Destiny, Salinas, CA April 13, 2022, Steve Brown


1.

I grabbed the new, significantly alternator-drained car battery out of our motel room and stepped back out into the parking lot.   The morning was glorious.  The sun was warm on the skin.  Shadows were thrown long and thin, and the sodium air was intensely lemon in the light.  One could not have had a better day for troubles.  Normally, I wouldn't have noticed that.  I hate anything going wrong, and I let small things totally wipe out good days.  I become so consumed by my hardship that I fail to notice the world around me.  

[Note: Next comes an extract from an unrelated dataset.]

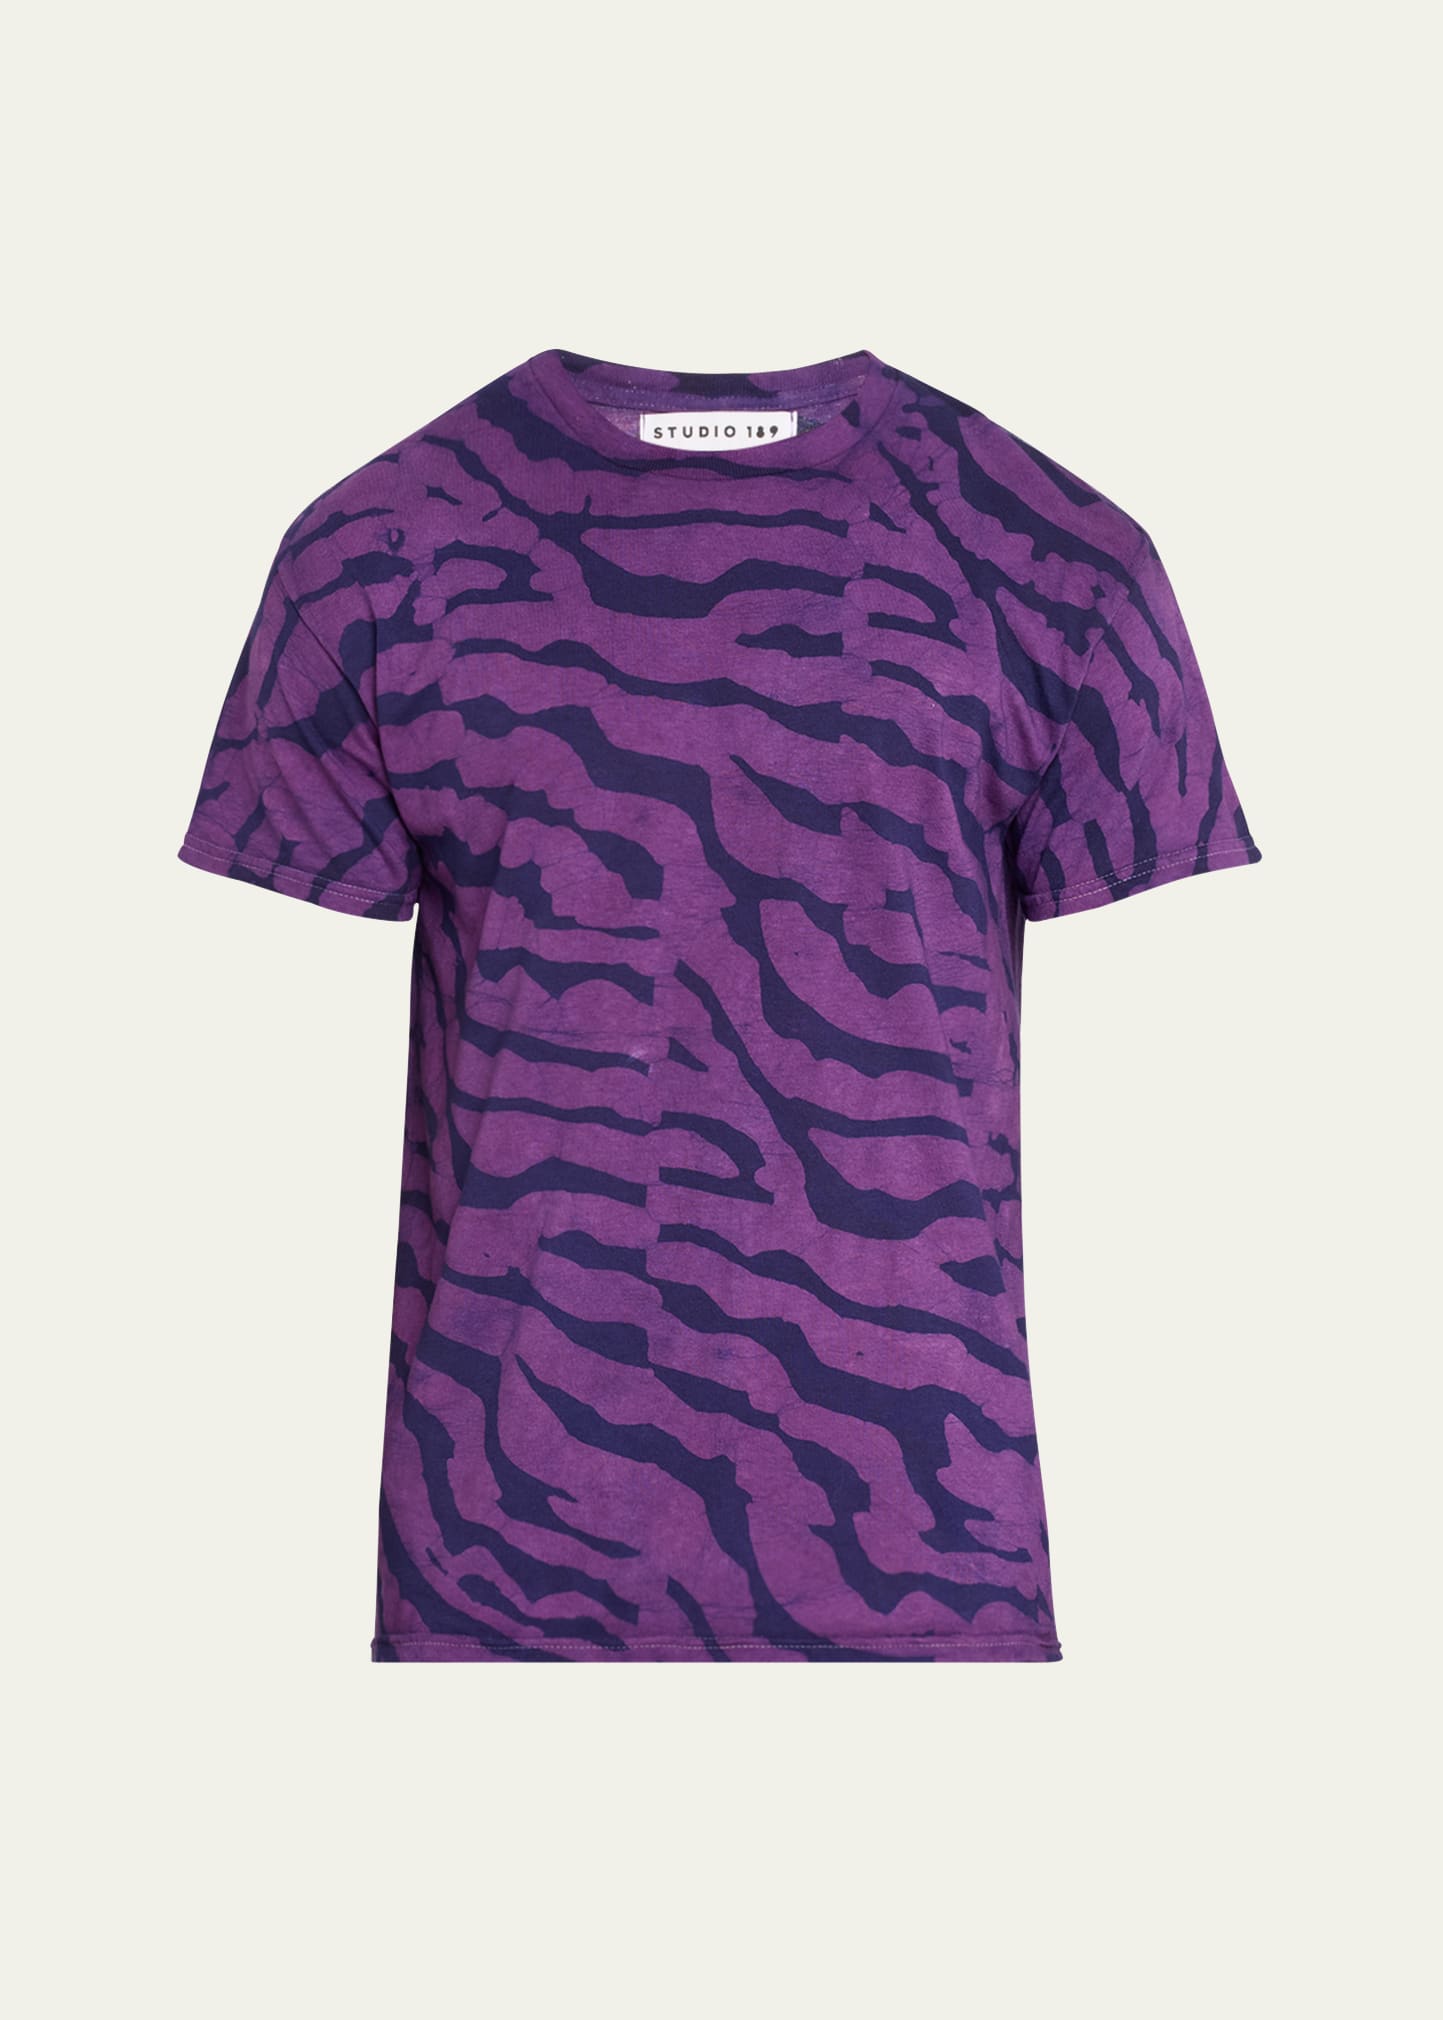 Men's Zebra Hand-Batik T-Shirt

I don't think I'm alone in that.  They write most novels wrong.  Traditionally, the mood of the setting reflects the mood of the character.  Not all problems occur on dark and stormy nights.  I don't even think we turn a blue-sky day stormy in our minds when we're in a bleak place.  Instead, our connection with things around us ceases to exist when we get caught in our mind.  So, when the character is stuck in him or herself, the setting should be blotted out--absolutely nonexistent.  I think that's what happens to most of us.  And if it didn't, we'd never get stuck in the first place.  We'd realize there's more to life than our current problem.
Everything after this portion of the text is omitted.